Purtroppo, il successivo maremoto genera un problema imprevisto: sebbene la centrale di Fukushima dai-ichi sia stata progettata con delle mura di contenimento anti-maremoto, queste sono alte “solo” 9 metri, mentre le onde del sisma raggiungono i 13 metri. L’acqua tracima e finisce per allagare la sala macchine dei generatori, mandandoli fuori uso. Questo, in condizioni normali, non sarebbe un problema, perché tutte le centrali nucleari di seconda generazione sono dotate di un terzo sistema di back-up, a batterie, con un’autonomia di 6 ore.

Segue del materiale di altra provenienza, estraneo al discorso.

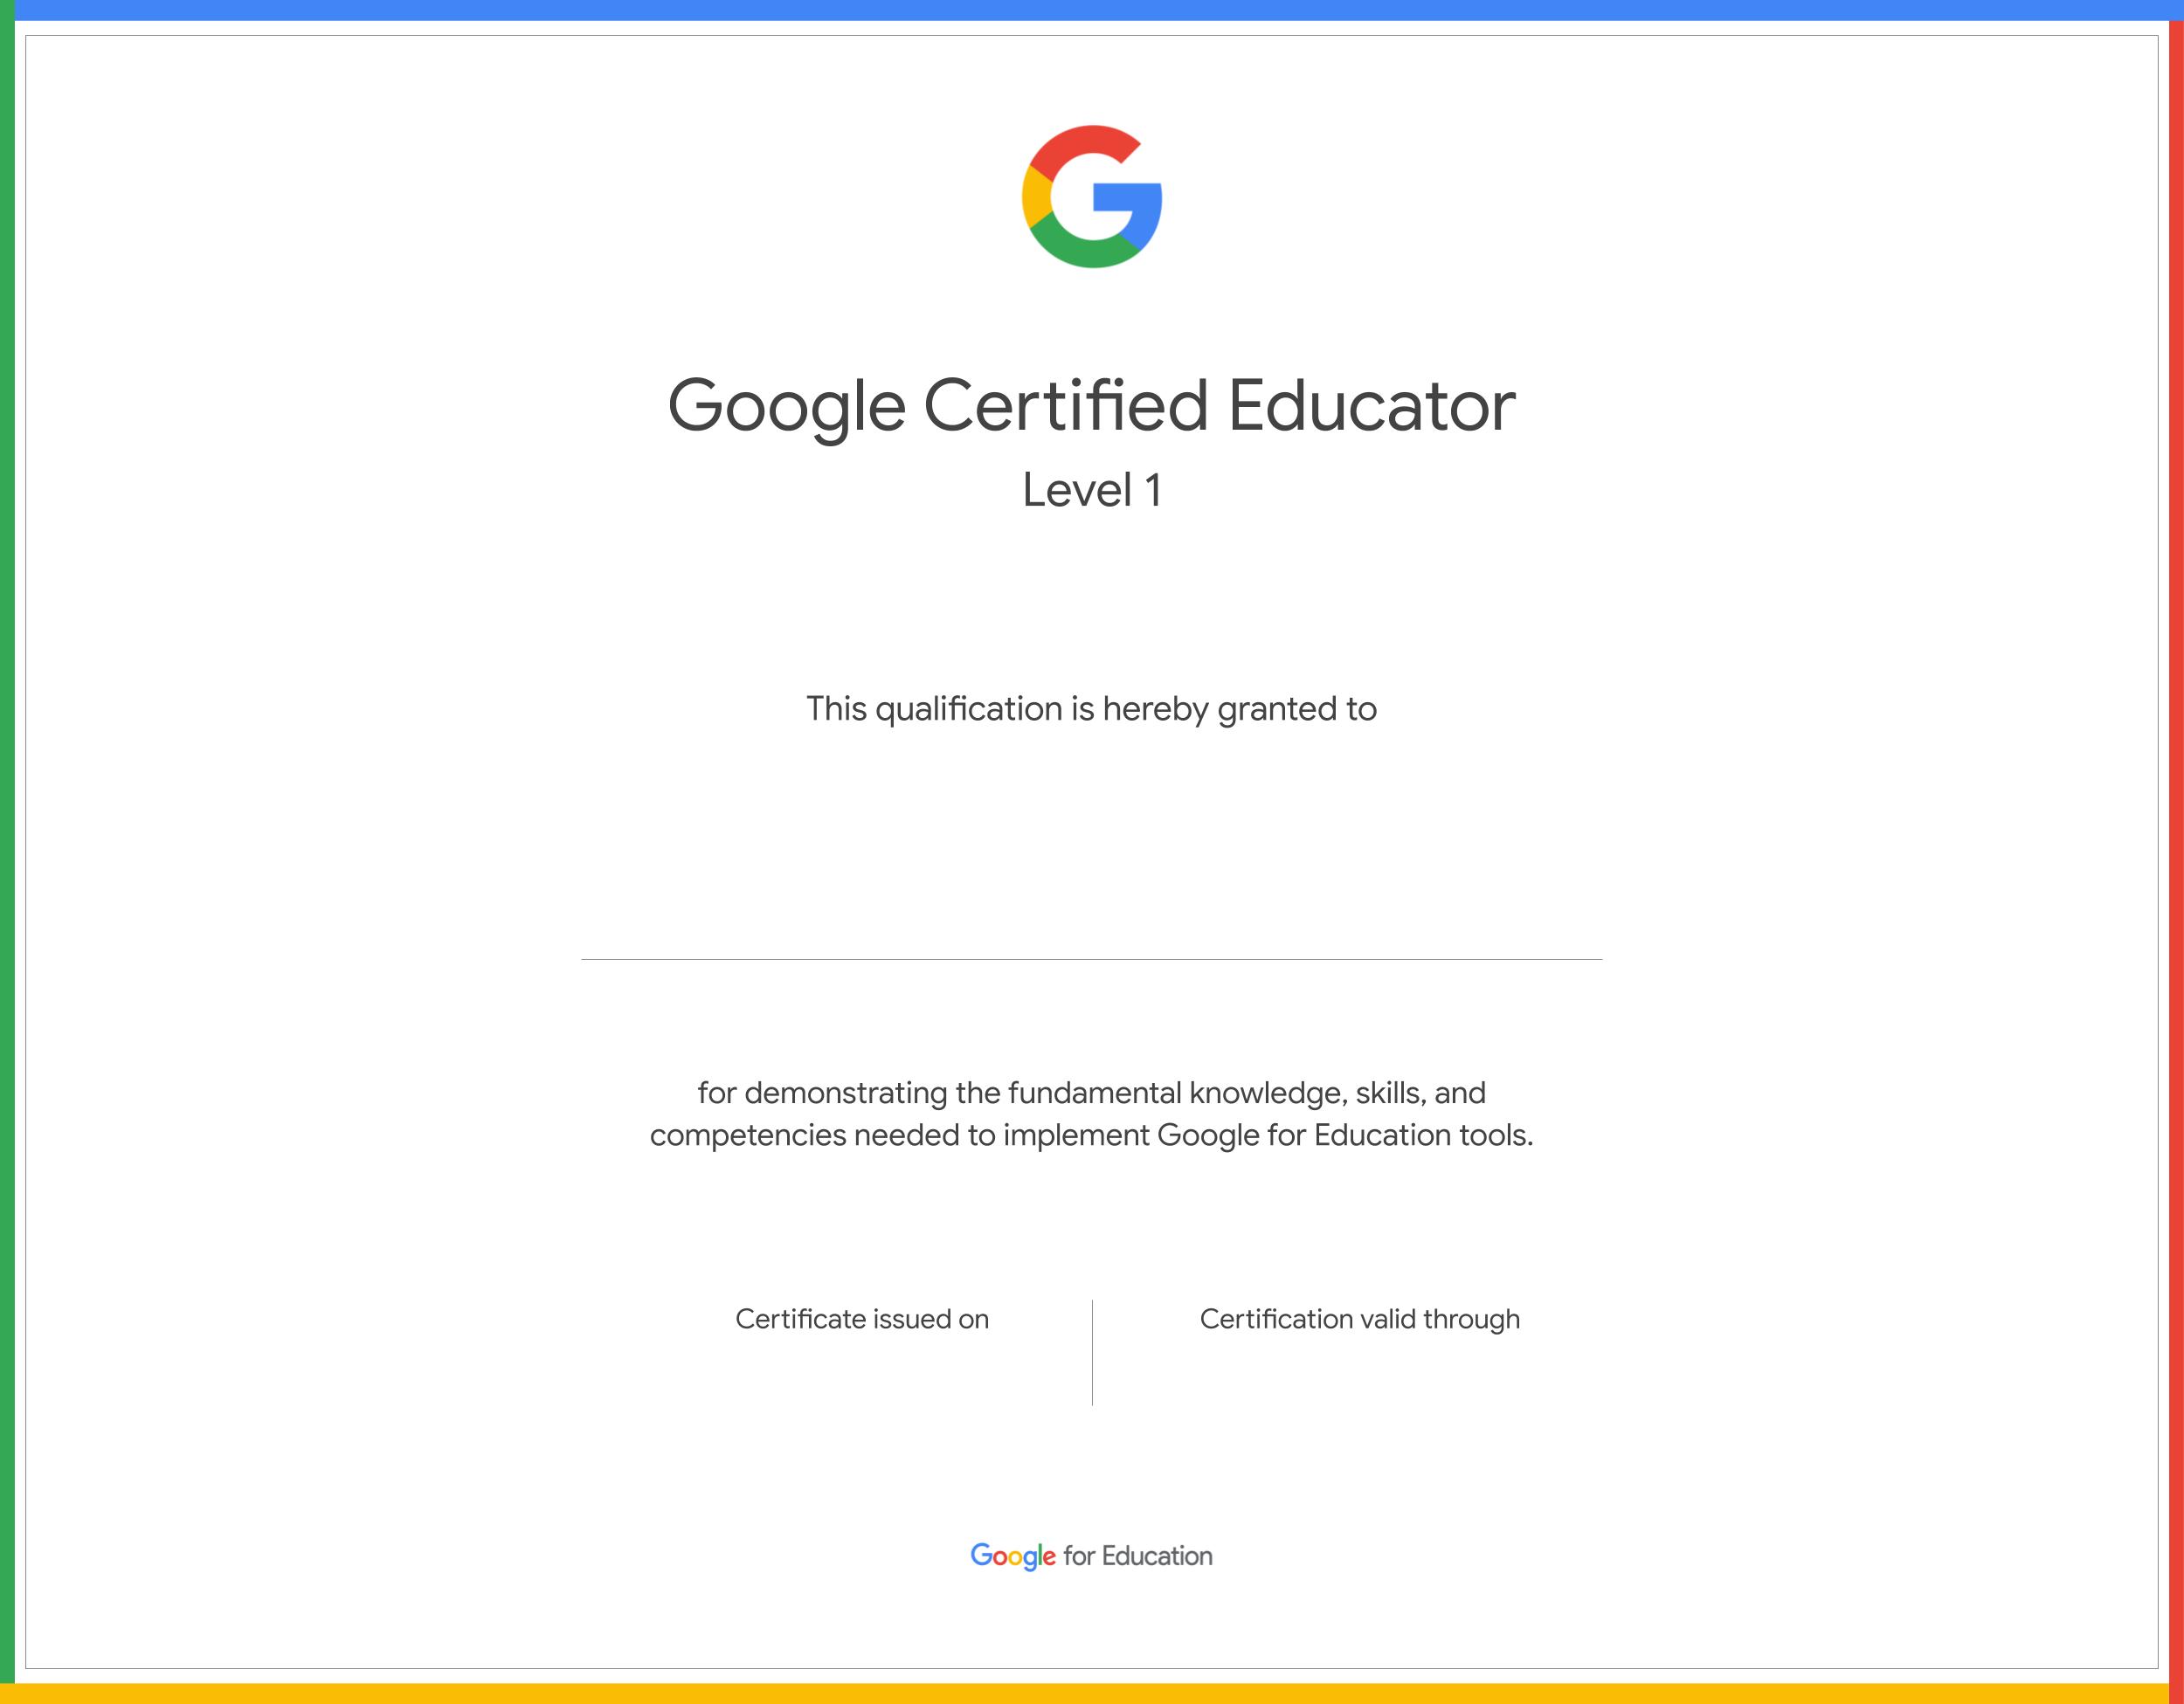  จะเป็นนักการศึกษาที่ผ่านการรับรองของ Google ได้อย่างไร

Sei ore sarebbero sufficienti a riparare il guasto, ma dopo la combo terremoto&maremoto, le strade e i collegamenti sono interrotti e non c’è modo di arrivare alla centrale in tempo. Le barre di combustibile ricominciano a scaldarsi per via del decadimento degli isotopi di transizione, ovvero non si verificano reazioni di fissione nucleare, ma oltre una certa temperatura lo zirconio di cui sono rivestite le canaline diventa chimicamente reattivo e catalizza l’elettrolisi dell’acqua, generando idrogeno gassoso che esplode al minimo contatto con l’aria.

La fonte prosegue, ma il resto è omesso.